Rita, Sue and Bob Too

Andrea Dunbar
Out of Joint
Theatre Royal Bury St Edmunds

Rita, Sue and Bob Too Credit: Hana Kovacs
Rita, Sue and Bob Too Credit: Hana Kovacs

Although Andrea Dunbar’s controversial play is almost 40 years old, it still resonates today with its themes of sexual grooming, exploitation of young women and the struggles of those who find themselves very much in the ‘have not’ category of modern-day Britain.

With the #metoo movement shining a much-needed light on the hidden problems in the art industry and events like Bradford’s Asian gang convicted of grooming school girls, this is probably a very timely play to revive. Although not an easy one to watch.

Written when at the age of 19 and a single mother of three, Dunbar’s play, set in the early 1980s, looks at life on the Bradford estate she was brought up on and it's defiantly ‘grim up north’. Rita and Sue are 15-year-old friends from the poor end of town who babysit regularly for Bob and his wife Michelle. Bob is a self-employed building contractor, Michelle a factory supervisor and an Avon lady—they have two kids, a car and a loveless marriage.

The opening scene sees Bob taking the girls home after a night out. He drives them around for a bit and, after educating them on some basics of how to use a ‘rubber Johnny’, has his wicked way with them in the back of his car.

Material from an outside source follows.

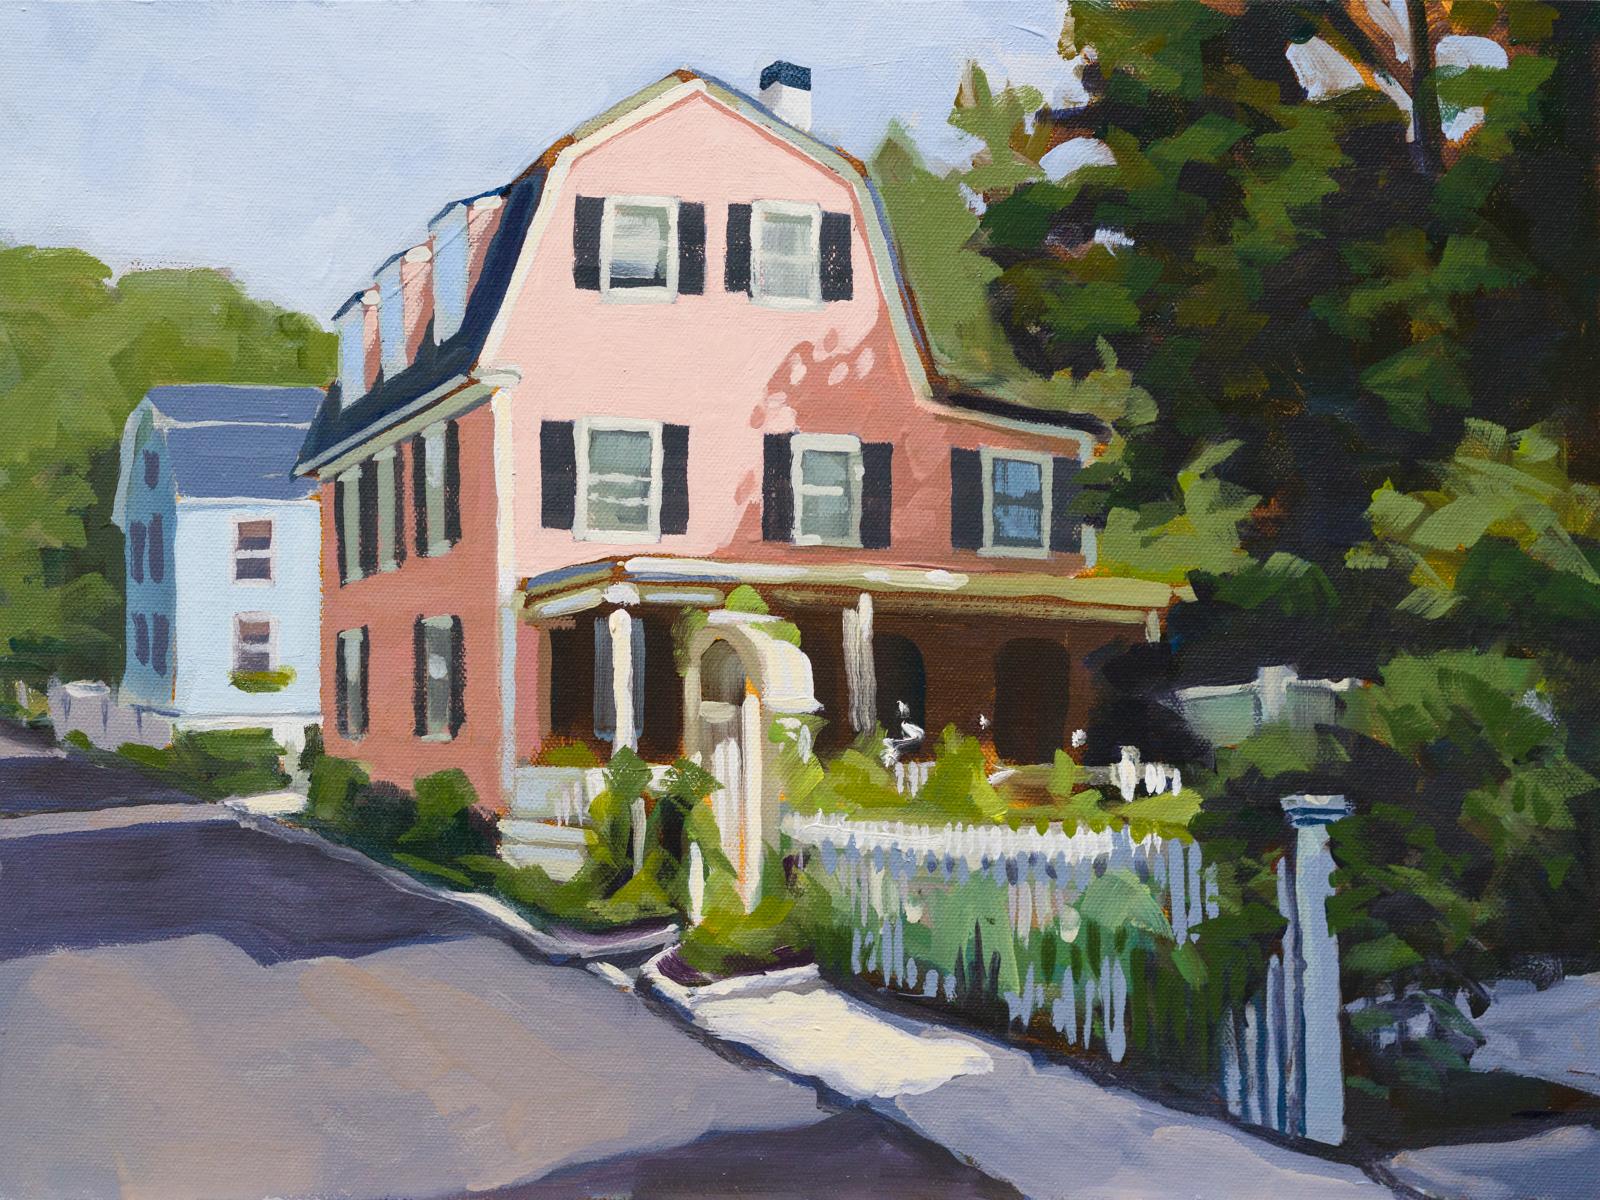 The Pink House, Salem
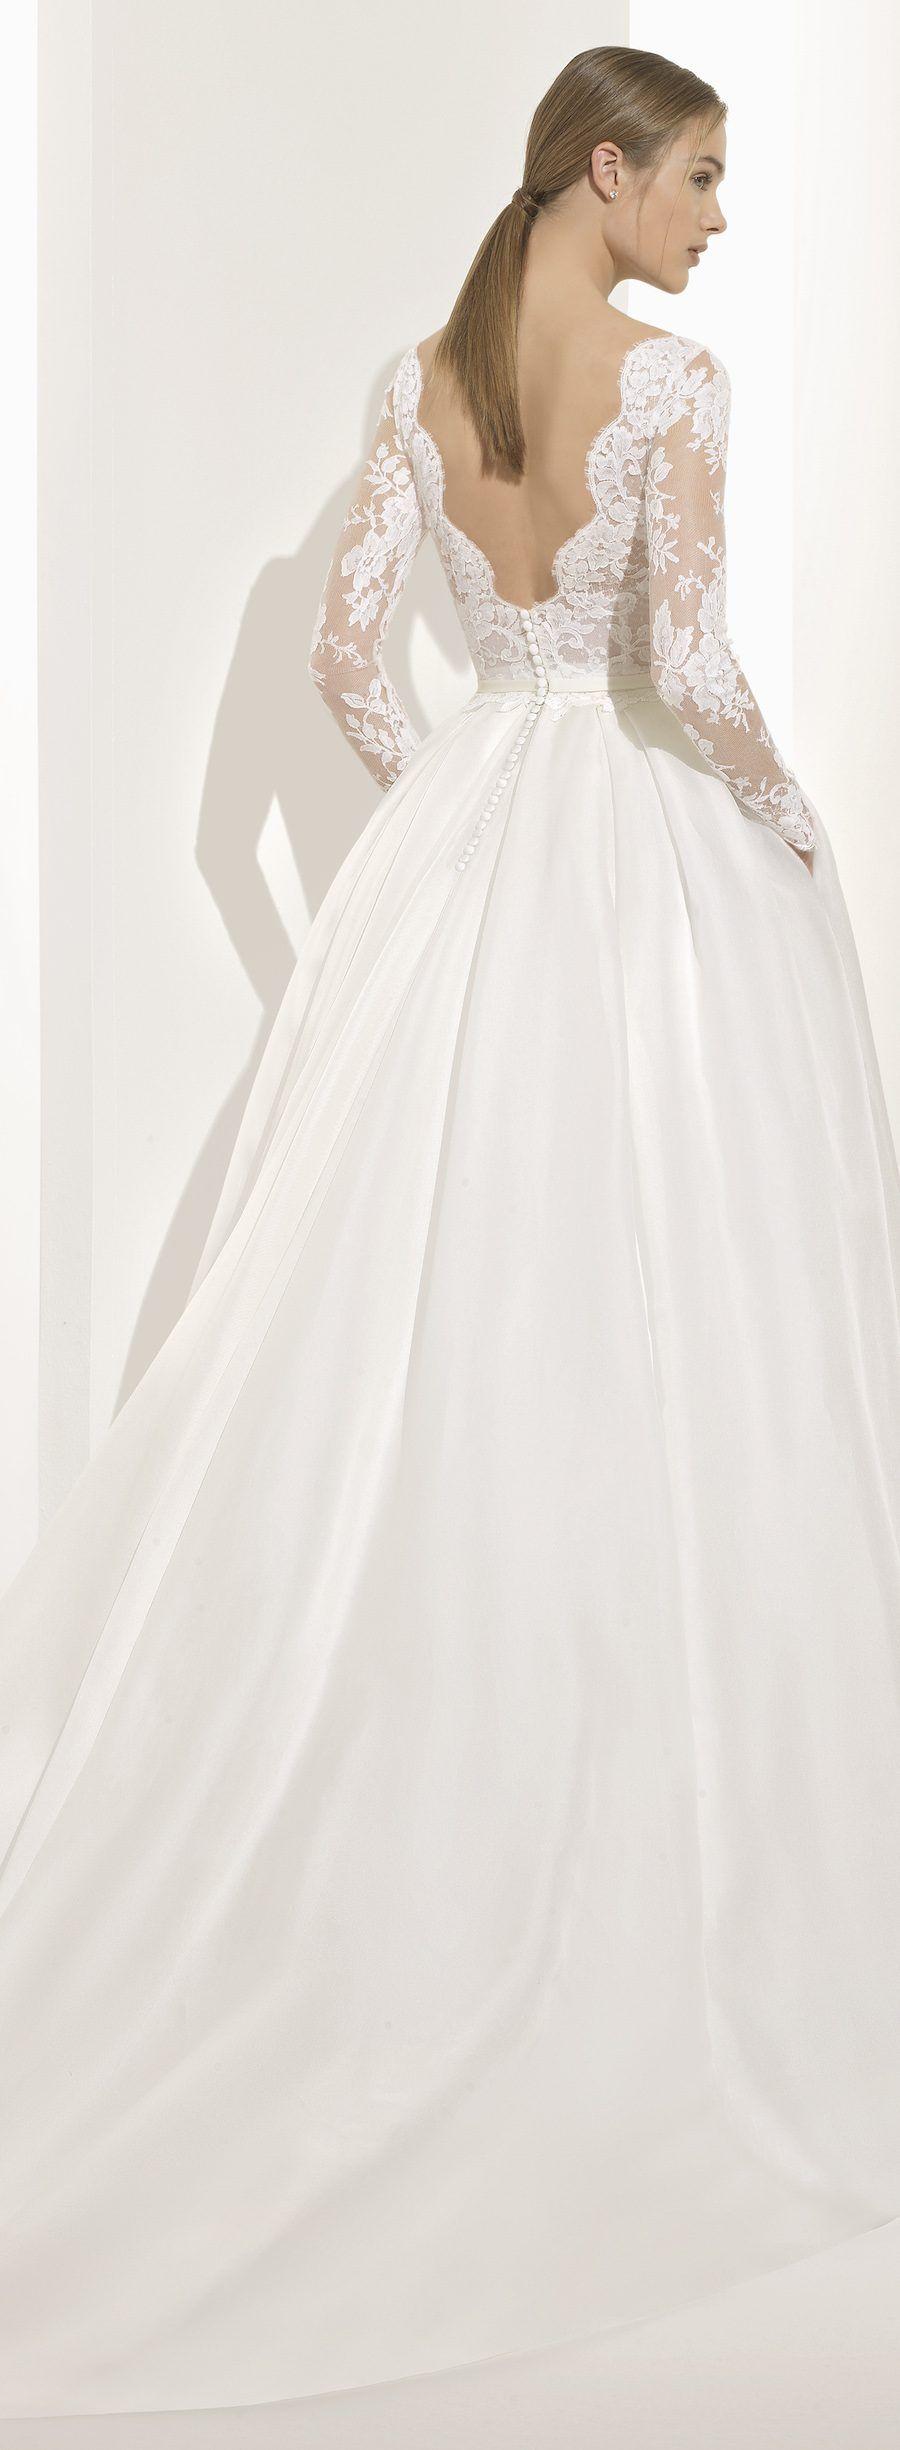 Wedding-Dresses-0858

Strong stuff, but in some respects very unerotic as the girls are very matter-of-fact about the whole thing and see it as a bit of fun rather than a sleazy encounter.

In some ways it also gives them status—an older man with a car and money—and there’s nothing frightening about it as they have each other. So this opens the floodgates to weekly encounters, which they start to look forward to and find a bit of a giggle. The girls are obviously not inexperienced, older than their years and, although it’s in theory very wrong, they are not hugely emotionally damaged by the encounters. It also helps that the girls are played by actors who don’t look prepubescent or anorexic and Bob is good looking and not that much older.

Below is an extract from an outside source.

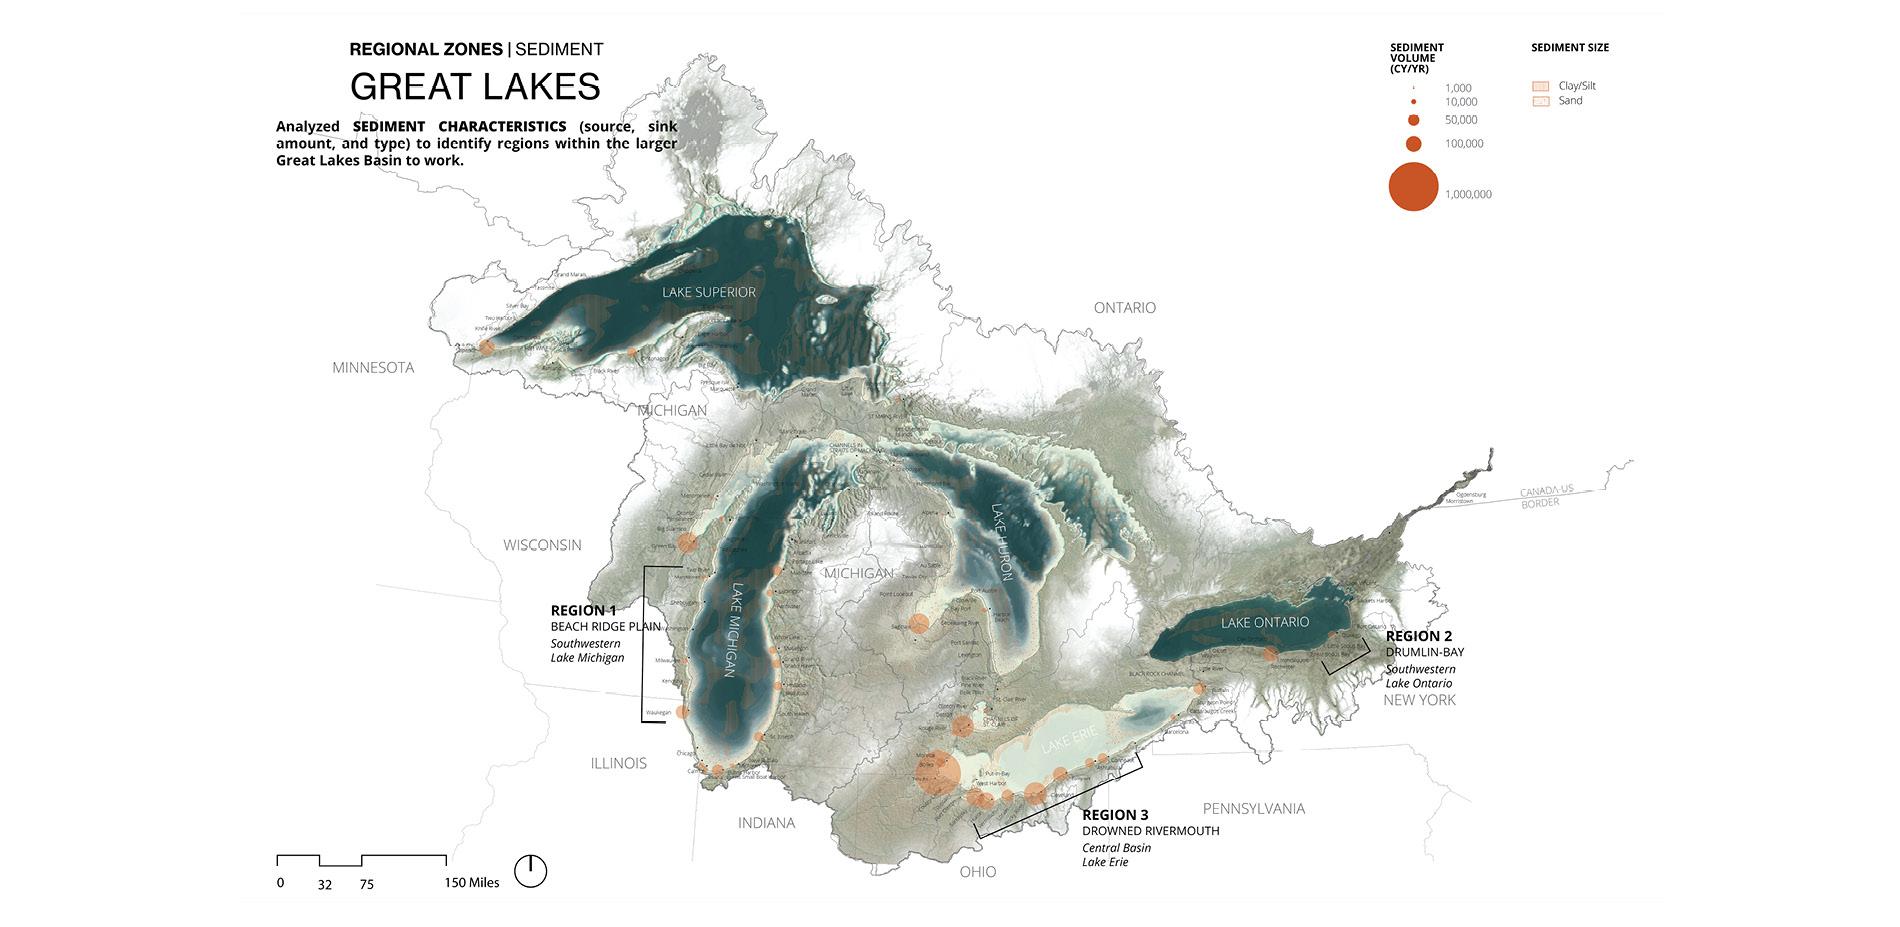 Great Lakes Basin: Sediments

While the wife becomes more and more suspicious, the girls dream of becoming Bob’s number one and getting off the estate, while working at the local factory on a YTS scheme and dealing with the everyday violence of drunken and dysfunctional parents.

The staging is simple yet effective: four movable chairs and a mock-up of a grim block of flats either side of the stage and a glorious panorama of the town, with the houses lit at night, as a backdrop.

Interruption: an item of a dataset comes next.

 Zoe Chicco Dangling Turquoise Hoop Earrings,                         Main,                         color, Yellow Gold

Bob is played by John Askew as just the right side of sleazy, Rita (Alice Liburd) and Sue (Gemma Dobson) are very believable as the friends and all three cope with the sex scenes very well due to clever direction by Kate Wasserberg.

Samantha Robinson as Michelle gives the bruised heart to the play and the cast is completed by Mum (Susan Mitchell) in full-on Northern mother mode and David Walker as the permanently drunken Dad.

The dialogue sparkles and grinds all at the same time, the arguments are visceral, the language biting and honest.

Although the inevitable happens and there’s a big falling out, the play gives no easy answers on any of the questions it raises. Eventually, Bob leaves his wife and moves a now pregnant Rita in with him, Sue finds a new boyfriend off the estate. Life goes on.

This isn’t an easy watch and, if you are easily offended, not for you. But as a comment on life both under Margaret Thatcher and Conservatives now and a snapshot of life in Bradford in the '80s holding a mirror to the teenage problems of today, it is very well worth a look.